At the same time (here comes the federal government again), 41% believe that the U.S. Supreme Court is too hostile towards religion.
Most working Americans (71%) would recommend their company as a good place to work, but then 66% feel their company values them as an employee. By comparison, just 16% of voters think most members of Congress care what they think.
How did you do in this week’s Rasmussen Challenge? Check the leaderboard.
In other news this week:
-- Twenty-nine percent (29%) of Likely U.S. Voters now say the country is heading in the right direction. That’s virtually unchanged from a year ago and consistent with voter attitudes for more than three months now.
-- Peace talks between the United States and the Taliban to end the war in Afghanistan have stalled, but just one-in-three voters now consider America’s longest-running war a Very Important voting issue.

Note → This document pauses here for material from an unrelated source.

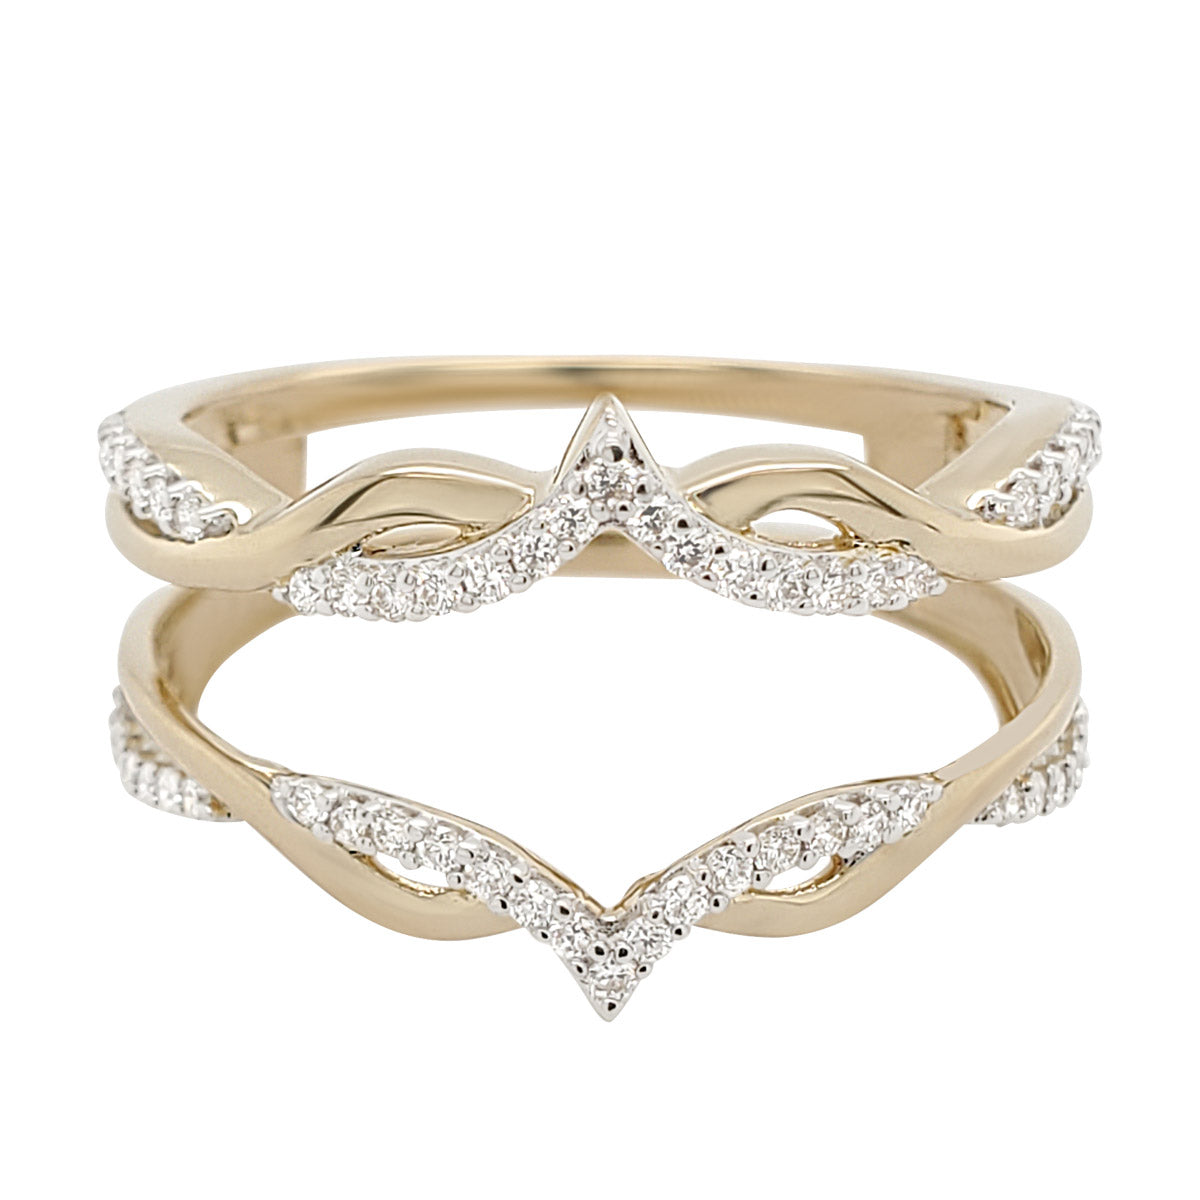 Twisted Yellow Gold Diamond Ring Guard Enhancer | Lee Michaels Fine Jewelry

-- Fifty-three percent (53%) of Americans are at least somewhat confident in the stability of the U.S. banking industry today. In July 2008 shortly before the Wall Street meltdown, 68% were confident in U.S. banks.
-- Most Americans say they are paying about the same amount in interest rates compared to last year, but half now expect those rates to rise over the next year.
-- Most voters believe tax-exempt groups should publicly disclose all of their donors even though most recognize some will be harassed by political opponents.
-- With the U.S. Supreme Court poised to issue several major end-of-the term rulings, more voters than ever (40%) think the justices are too liberal.
-- With two months to go until the Democratic primary and four months until Election Day, Newark Mayor Cory Booker is in a strong position to become New Jersey’s next U.S. senator.
-- Thirty-seven percent (37%) of New Jersey voters would like to see Governor Chris Christie run for president in 2016, and 44% of voters in his home state would vote for him.